Friday, April 29, 2011

Hashtable doubling?

I don't know if the title makes sense, but I am wondering how a hashtable enlarges when you add items to it?

Is it like the List<T> where it doubles in size when the limit is reached? If so, then does this doubling recreates the collection from scratch (this can be answered for List<T> too, since I am not sure if that's what it does)?

Lastly if it indeed recreates it from scratch, then this particular Add operation would be very expensive to the user who wouldn't know that the limit is reached, right?

From stackoverflow
  • The sizes are not always doubled, but have variable growth depending on the number of items.

    For a list, this is not nearly as expensive as re-creating a string or array for example, since only the pointers need to be copied from one list to another, and this can be done very efficiently.

    for a hashtable/dictionary the items must be redistributed, and that can be very expensive. Best to initialize your hashtable with an estimated size ahead of time.

  • I believe both Hashtable and Dictionary<TKey, TValue> expand to the next prime number after doubling the current count, e.g. 31 to 67.

    As I understand it, a resize doesn't involve recomputing the hashes (as they're stored with the entries) but involves putting each entry into its new bucket, where the bucket number is based on both the hash code and the bucket count.
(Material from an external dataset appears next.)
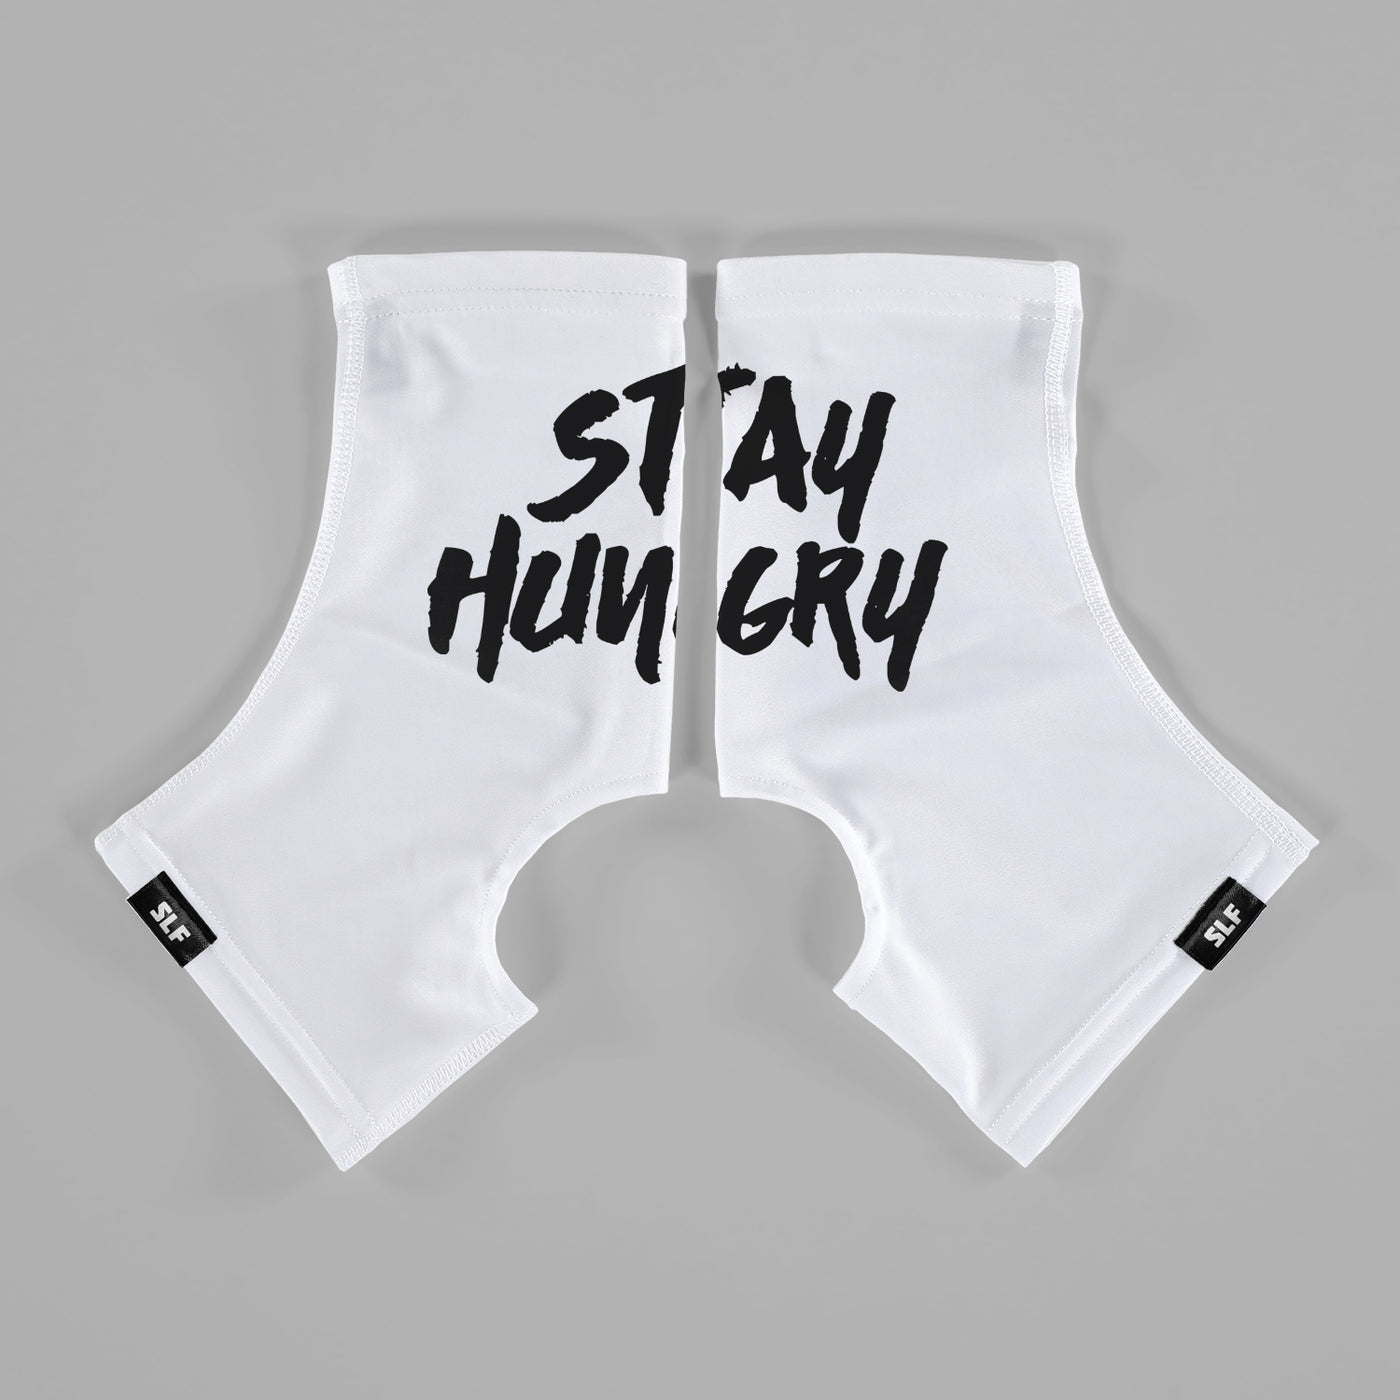 Stay Hungry White Spats / Cleat Covers
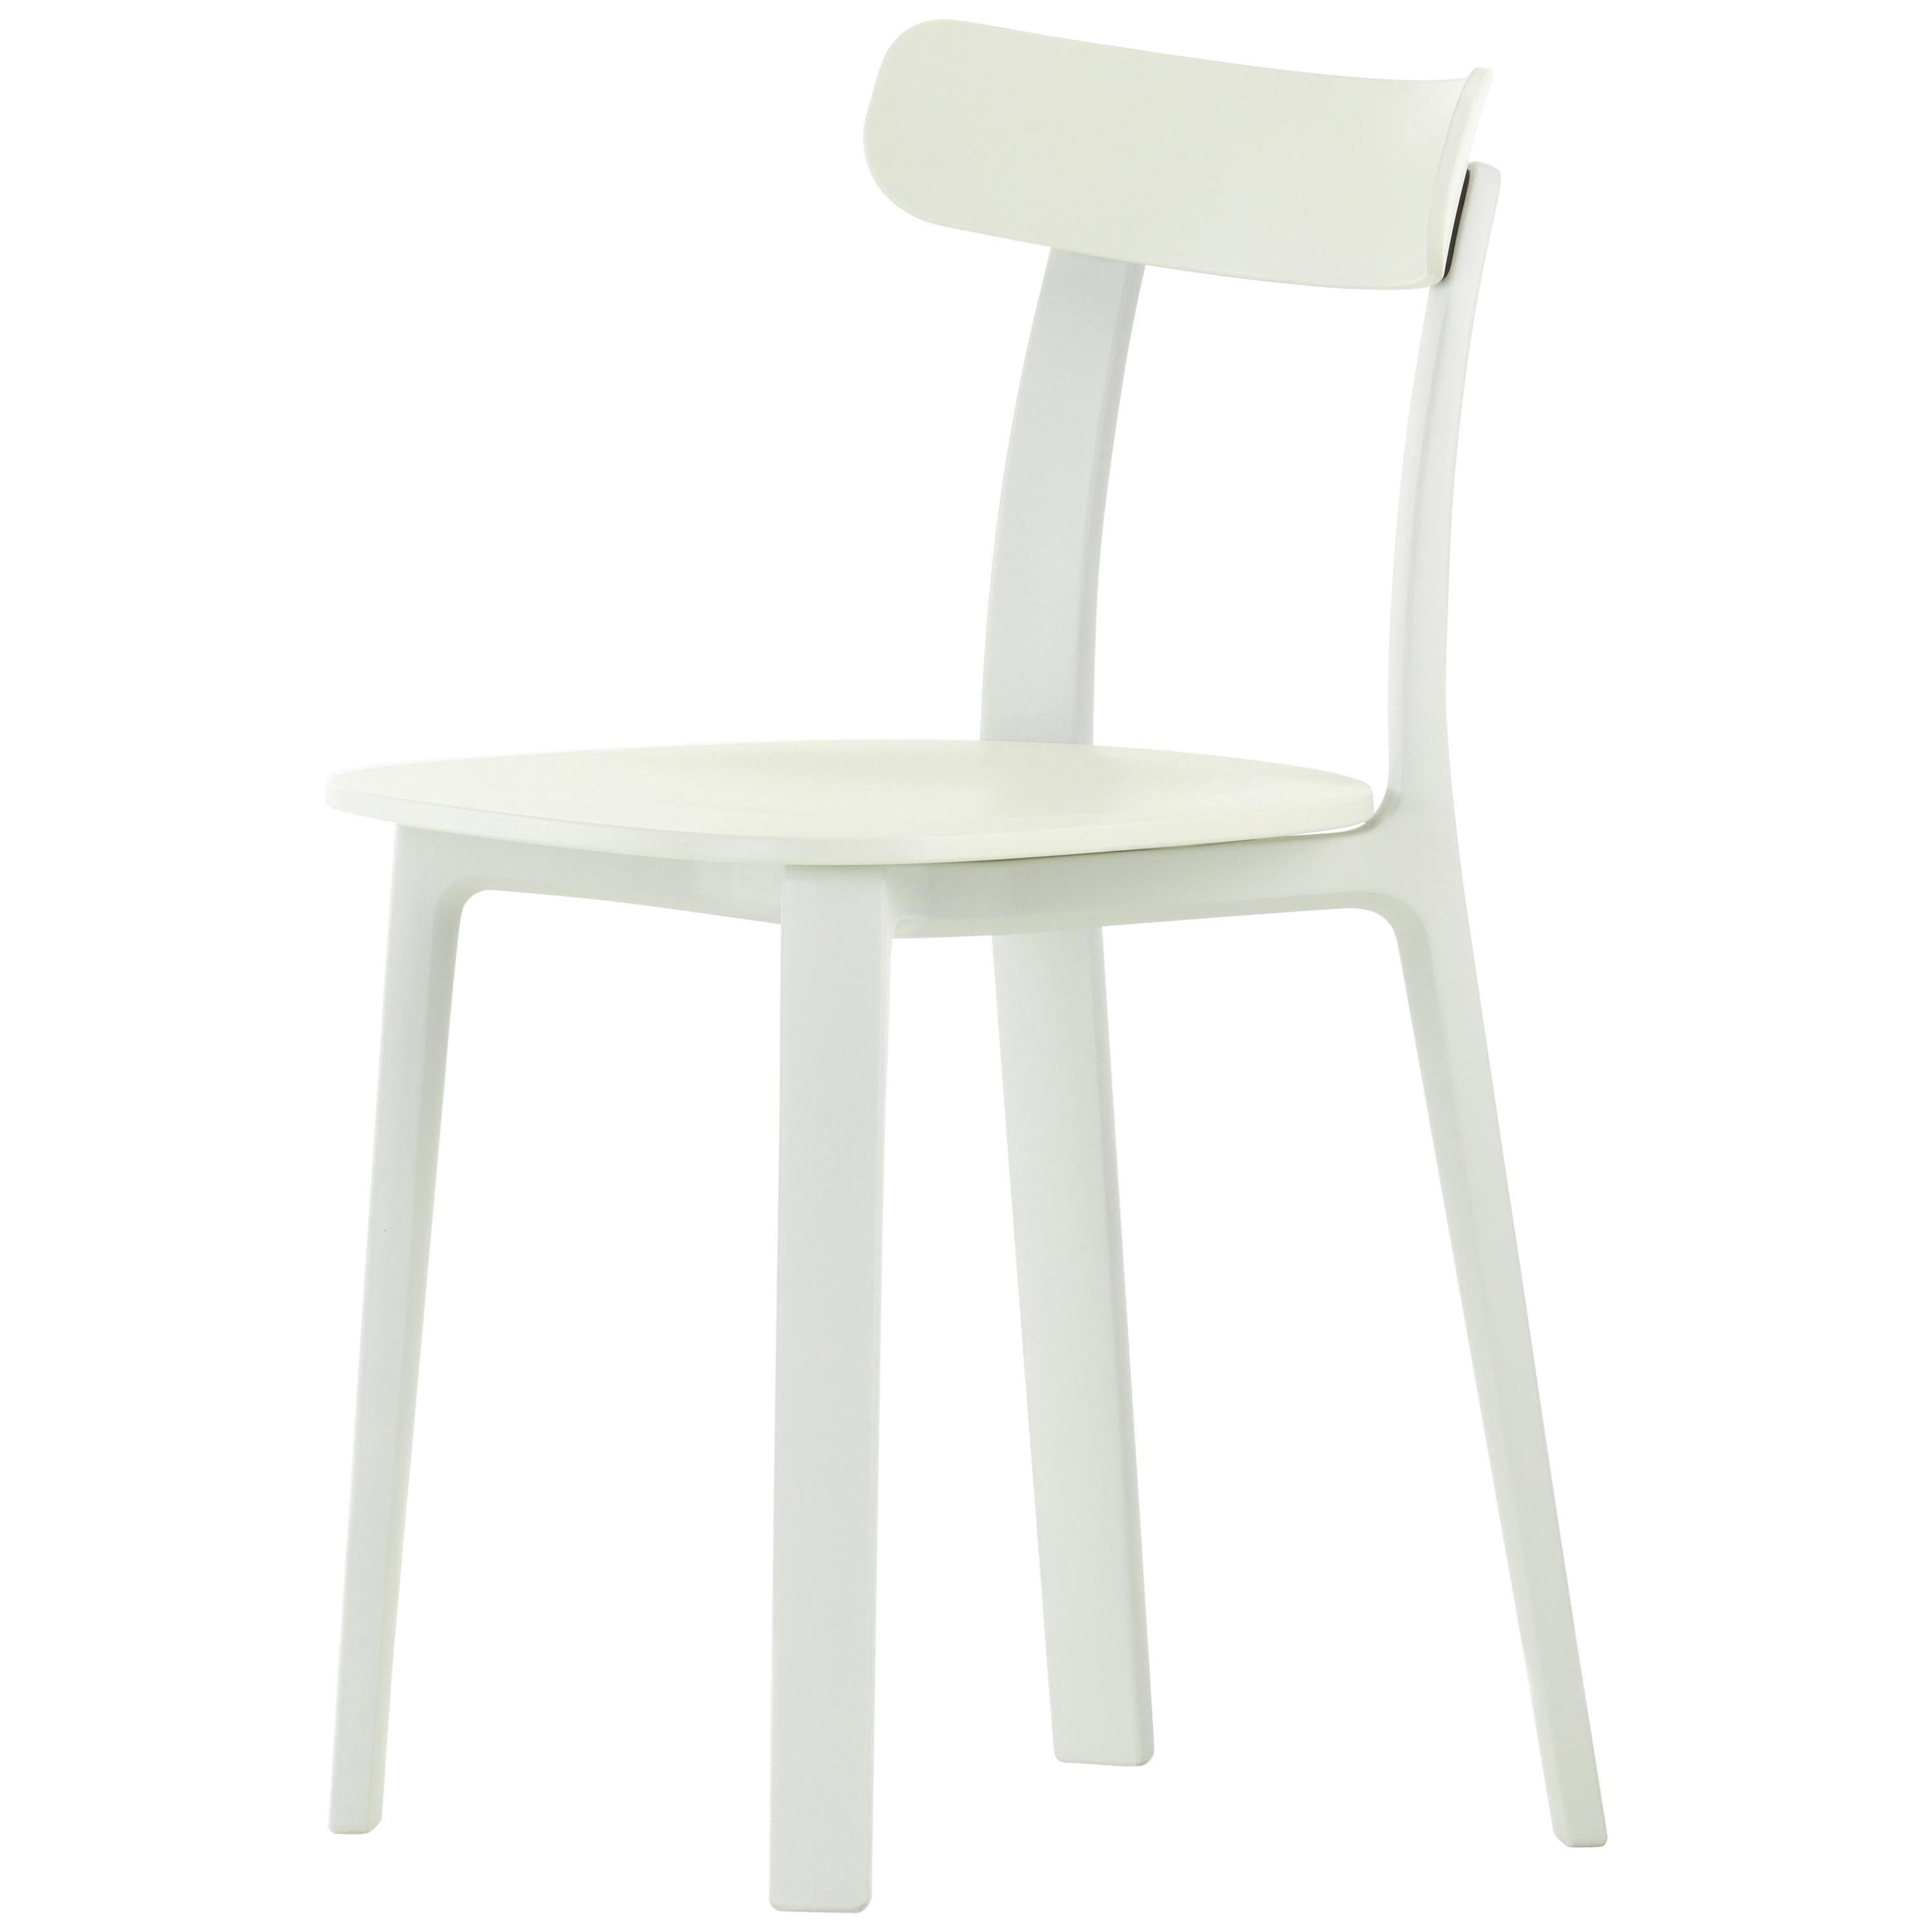 Vitra All Plastic Chair in White Two-Tone by Jasper Morrison im Angebot

    You asked about List<T> - there it's really simple. The list is backed by an array, and you just need to create a new array with the right size, and copy the contents of the current array. Something like:

    private void Resize(int newCapacity)
    {
        T[] tmp = new T[newCapacity];
        Array.Copy(backingArray, tmp, backingArray.Length);
        backingArray = tmp;
    }
    
    Jason Coyne : Interesting. I wonder if it has a list of primes, or if it calculates them on the fly. If its calculating, that calc could be more expensive than the copy!
    Jon Skeet : I believe it calculates them on the fly... but if you're going from about 1 million to about 2 million entries (i.e. it's a *big* map) you still only need to check each possible prime against about 1000 potential divisors. You've then got to find the right bucket for a million entries!
    Lucero : I guess this is a classic performance-vs-space question... because it adds 4 bates of storage per object stored. Maybe I should check out the source...
    Mehrdad Afshari : In a Hashtable (not a Dictionary) which uses rehashing as collision resolution, this "putting in a new bucket" can be costly.
    Jon Skeet : What does? Not recalculating the hashcode? If you don't store it, you're going to have to recalculate it every time you get a *potential* match when doing a lookup. A "bucket position" collision is much more likely than a real hash collision.
    Jon Skeet : (My previous comment was addressed to Lucero)
    Jon Skeet : @Mehrdad: Could you explain that comment a bit more in your answer?
    Lucero : @Jon: Seems you're right, at least in the rotor source code... http://www.123aspx.com/rotor/RotorSrc.aspx?rot=40806
    Mehrdad Afshari : @Jon Skeet: Look at the expand() function in the link provided, the `for` look which calls `putEntry` is what I meant.
    Joan Venge : Thanks Jon, this is a good one.
    Jon Skeet : Mehrdad: But that doesn't look terribly expensive to me. Yes, you need to recalculate the bucket position and keep looking for as many collisions as you see, but I suspect it's amortised O(n) and not *much* per entry.
    Mehrdad Afshari : Jon: It is indeed O(n), but becomes slower than Dictionary if collision rate is high. Well, not terribly... but definitely much slower than resizing List.
  • The hashtable works by using buckets, which can hold several items each (at least in most implementations, there are some that reuse other buckets in case of already used buckets). The number of buckets is usually a prime number, so that dividing the hashcode by the number of buckets returns an acceptable distribution for "good" hashes.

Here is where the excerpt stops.